DATA EXCERPT:
== Segment start ==

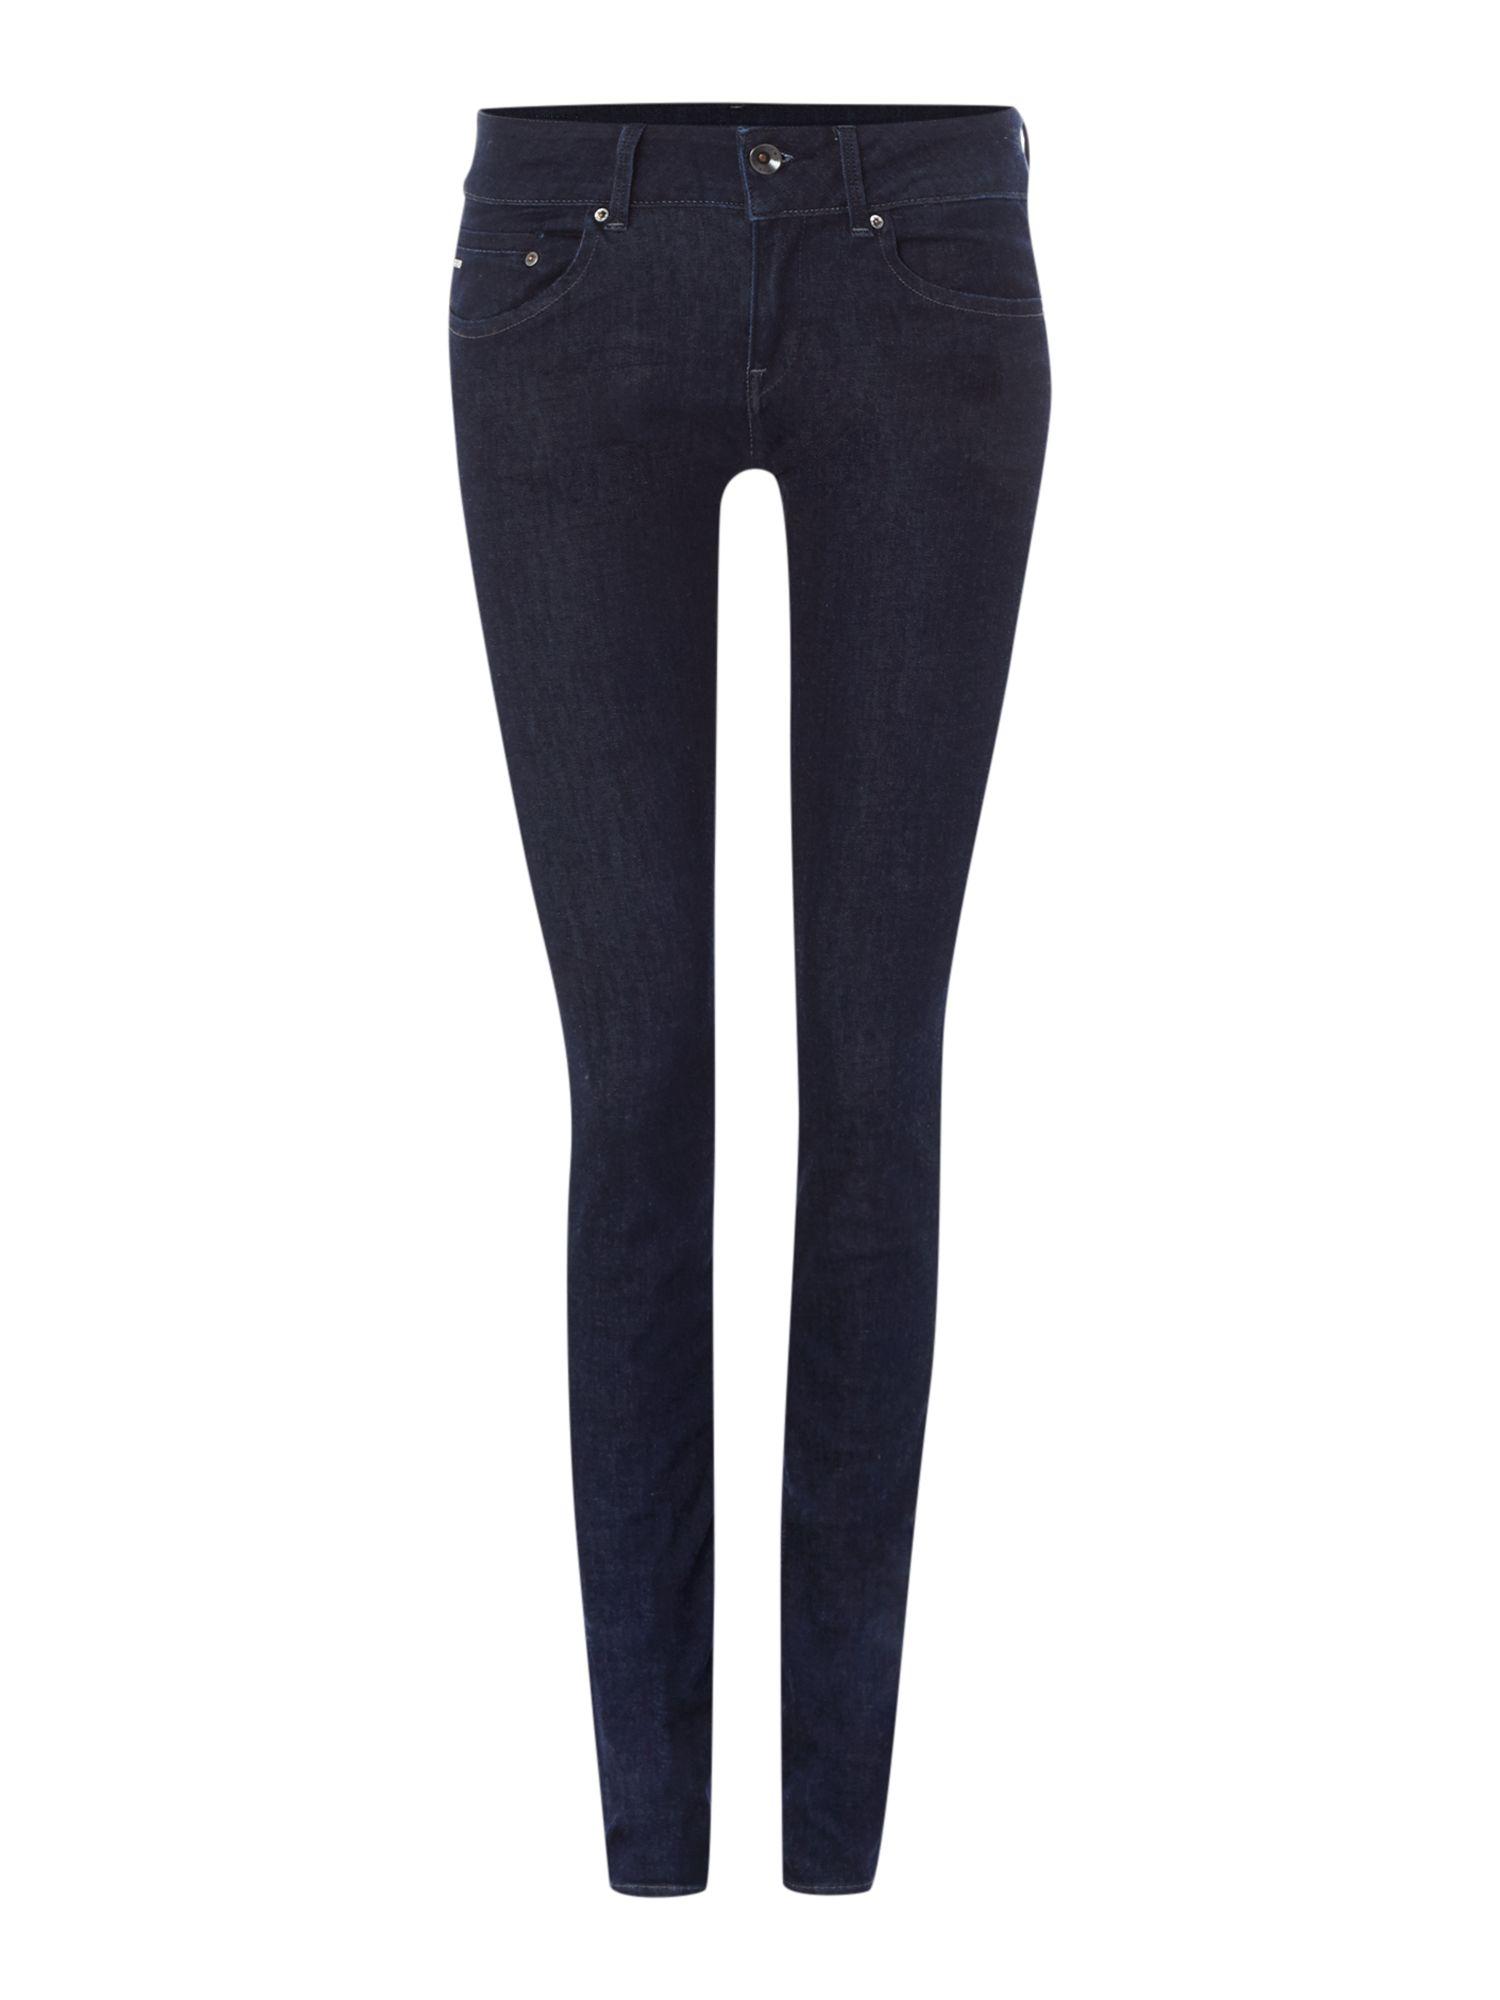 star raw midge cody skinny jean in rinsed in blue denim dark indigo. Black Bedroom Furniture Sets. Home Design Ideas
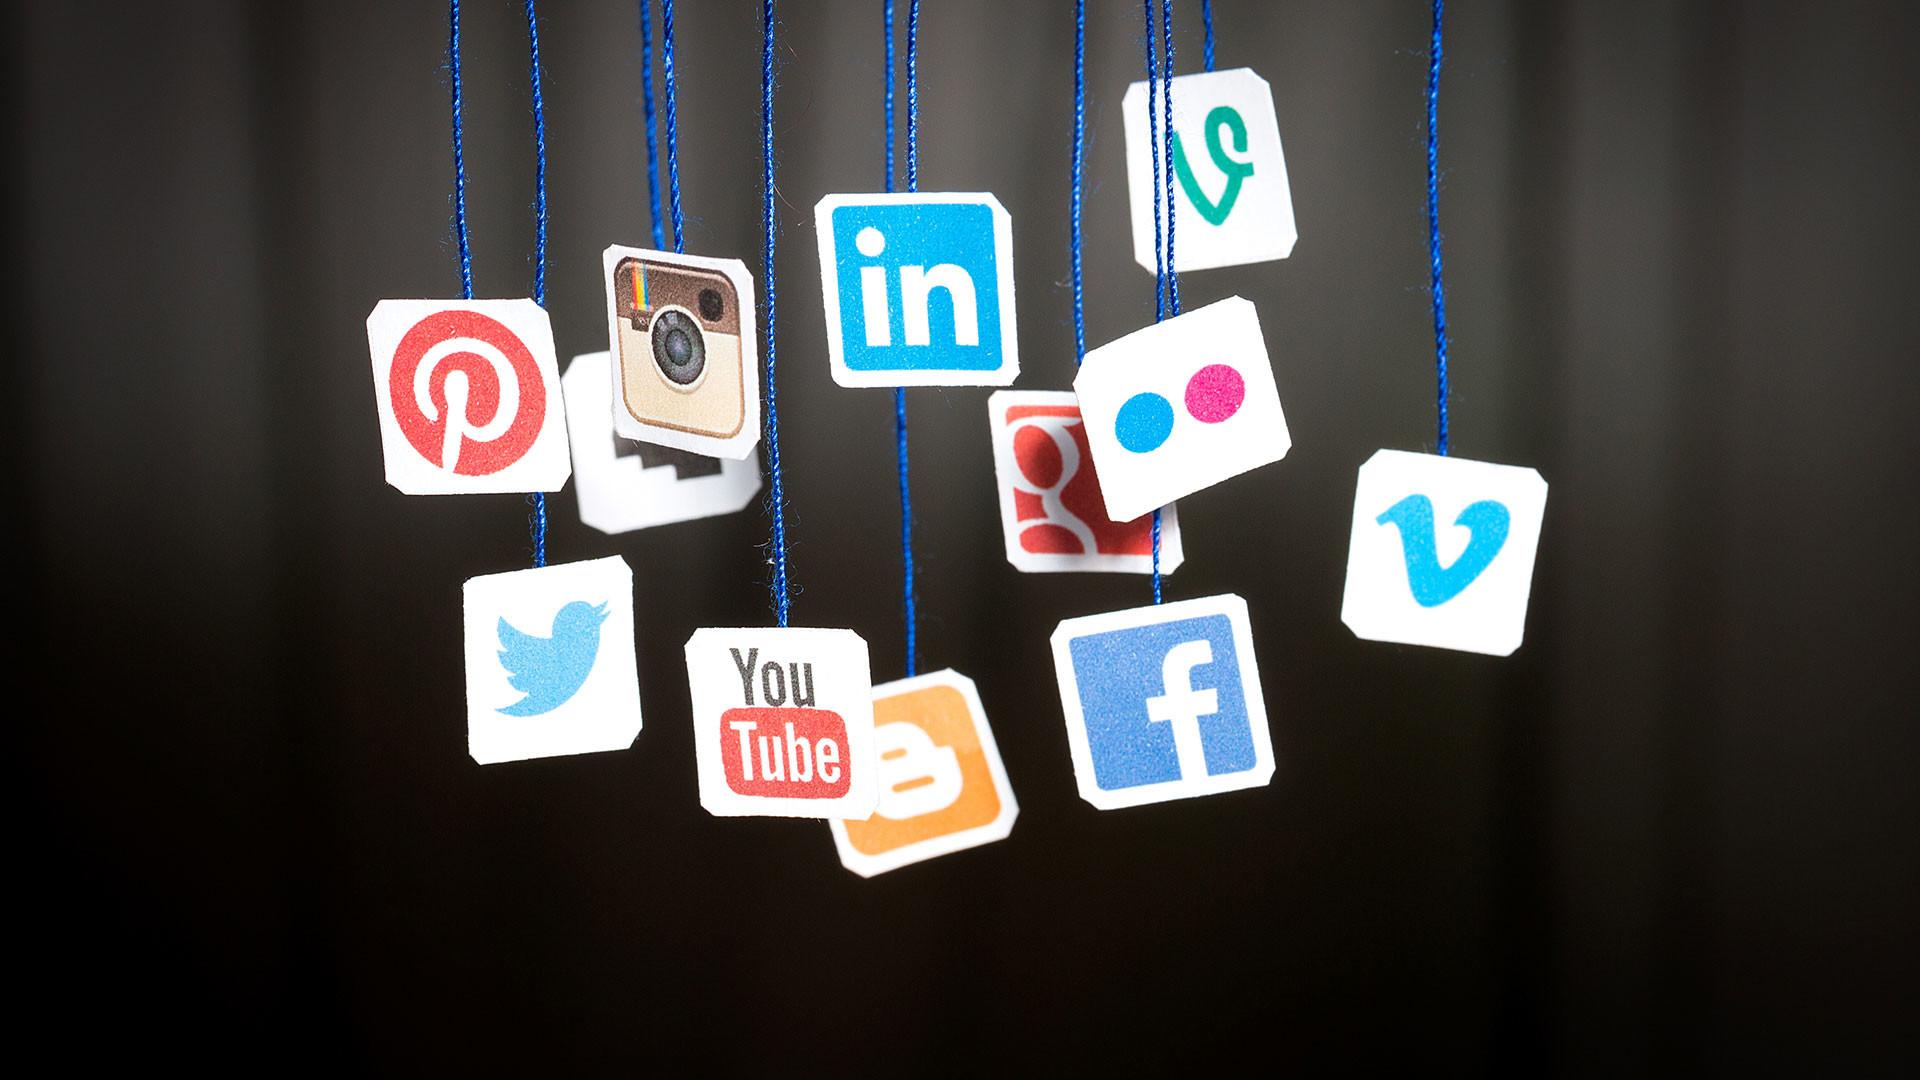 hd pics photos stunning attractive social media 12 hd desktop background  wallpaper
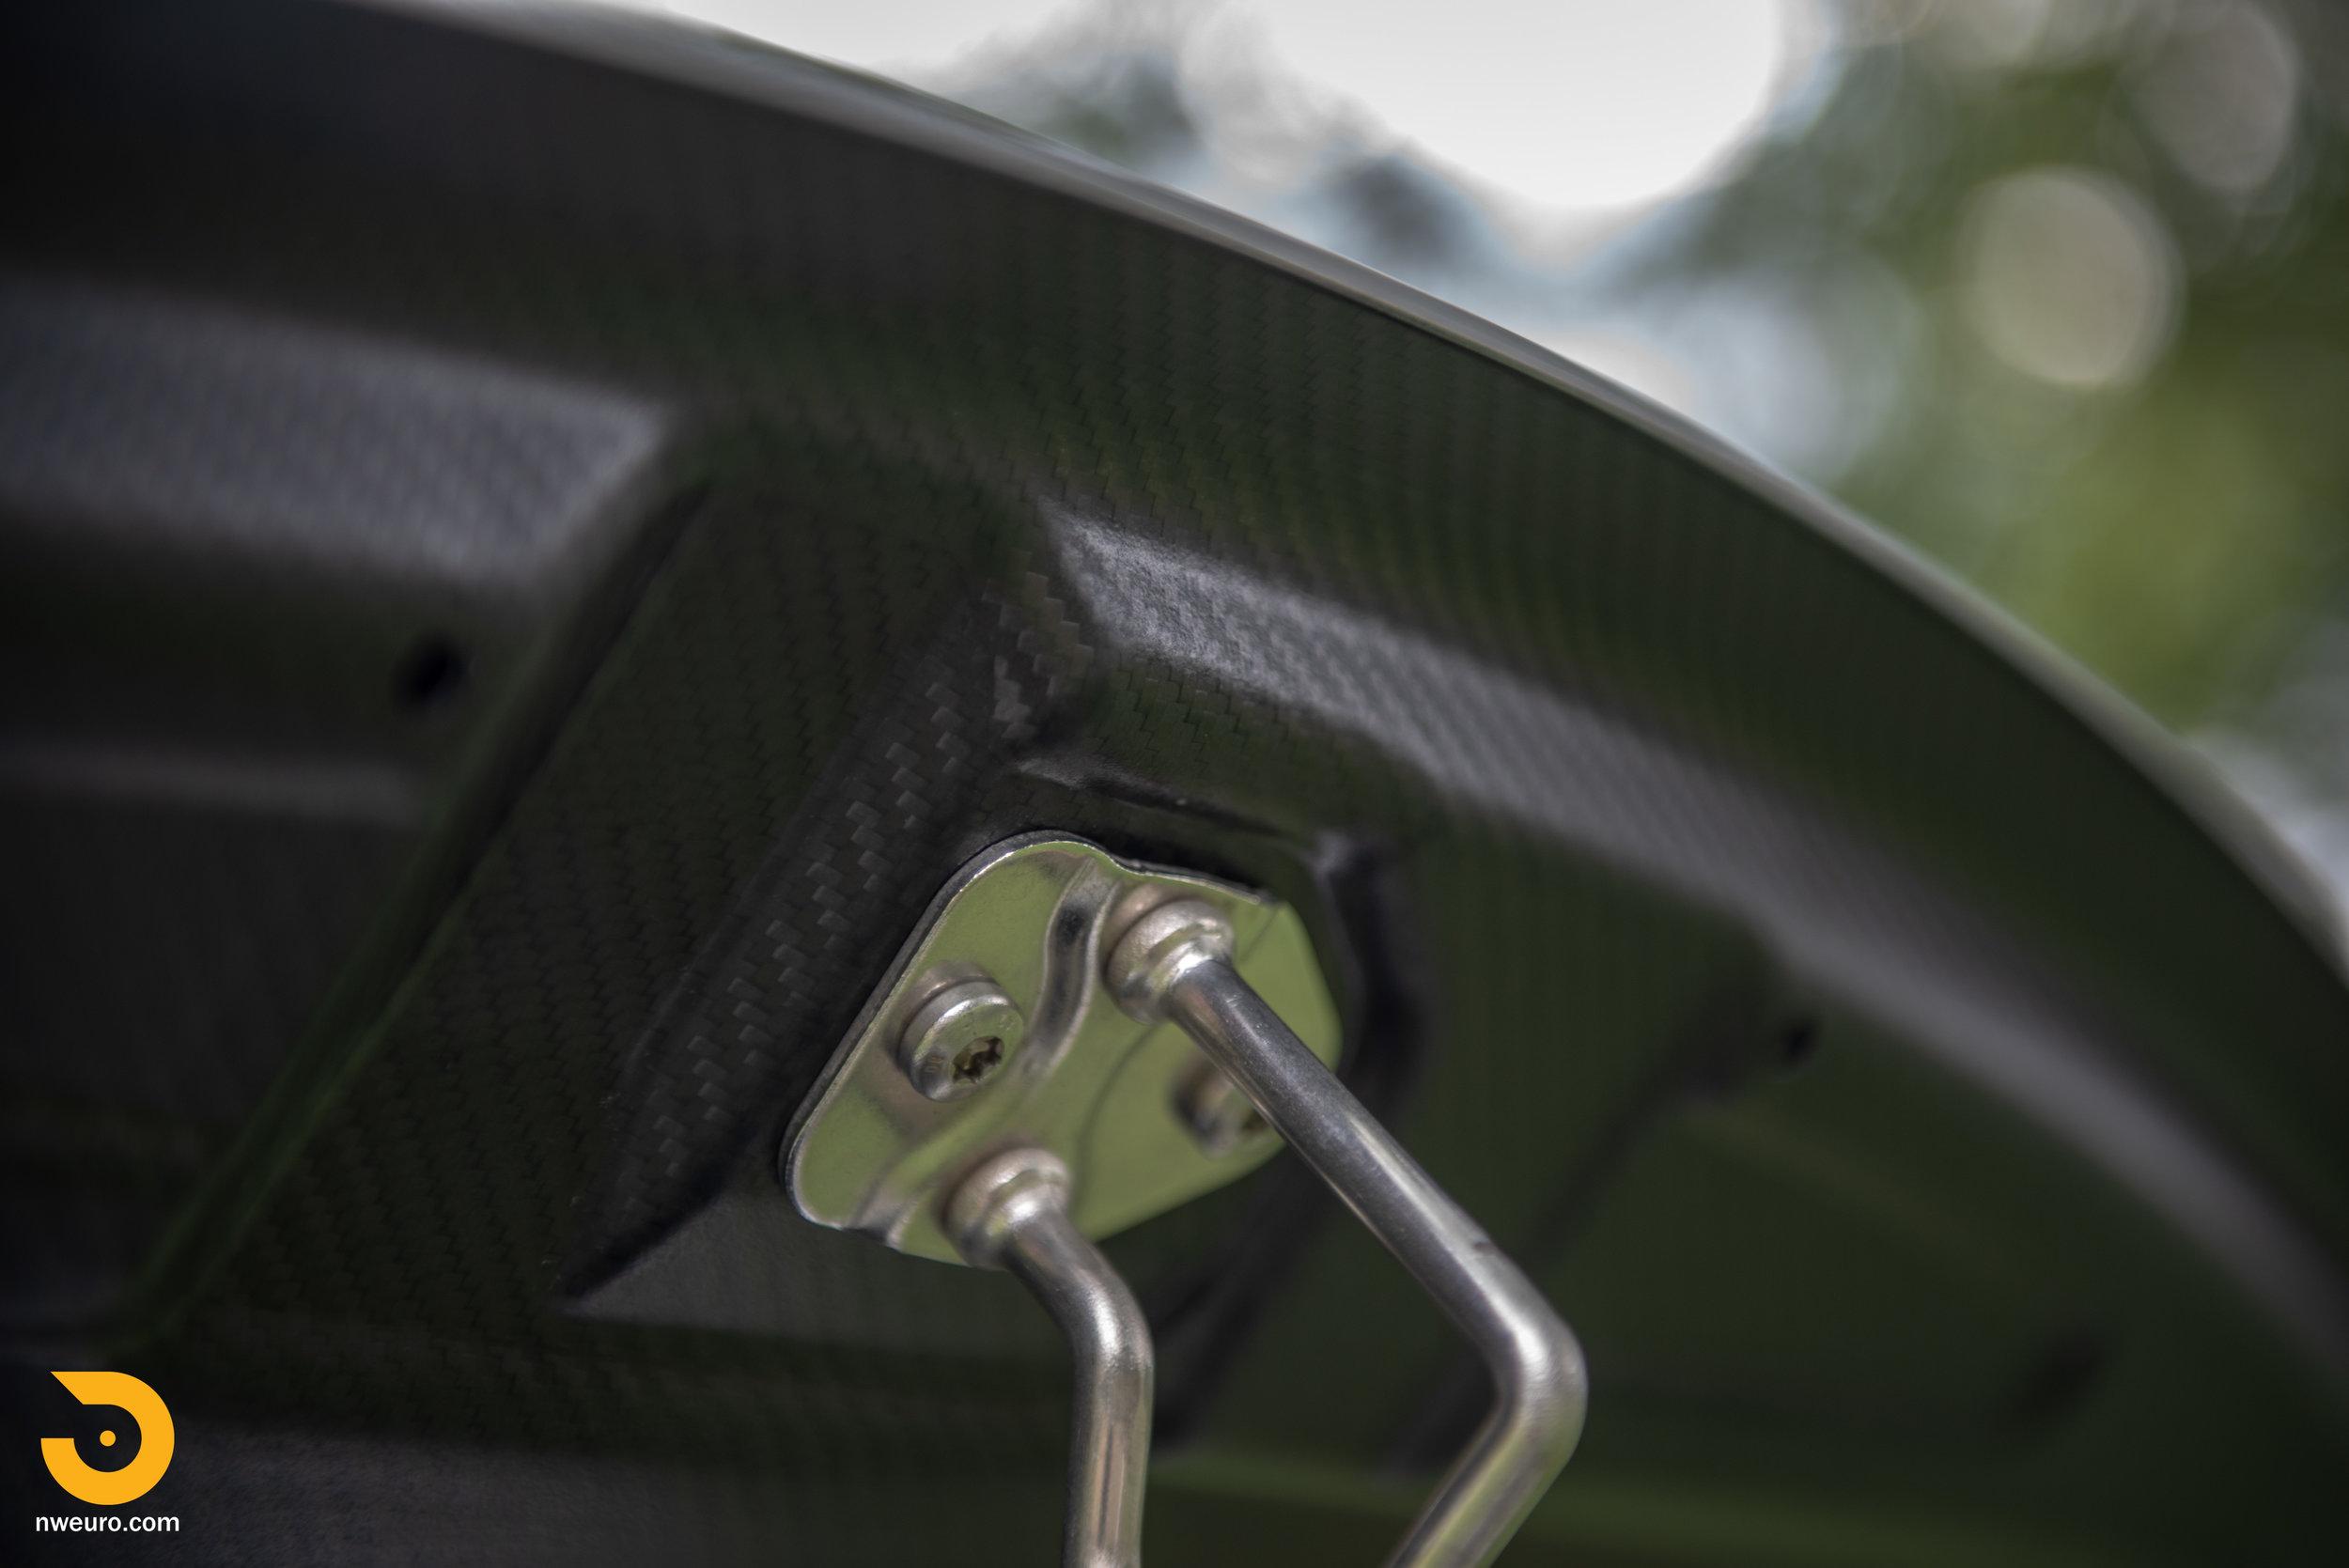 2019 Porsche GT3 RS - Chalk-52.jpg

== Segment end ==

WHAT YOU WILL DO: Take the lines from the one containing "hd pics photos" through the final line of the listing above and print them exactly, including both ends but no pictures.

RESULT OF THIS TASK:
 hd pics photos stunning attractive social media 12 hd desktop background  wallpaper
 2019 Porsche GT3 RS - Chalk-52.jpg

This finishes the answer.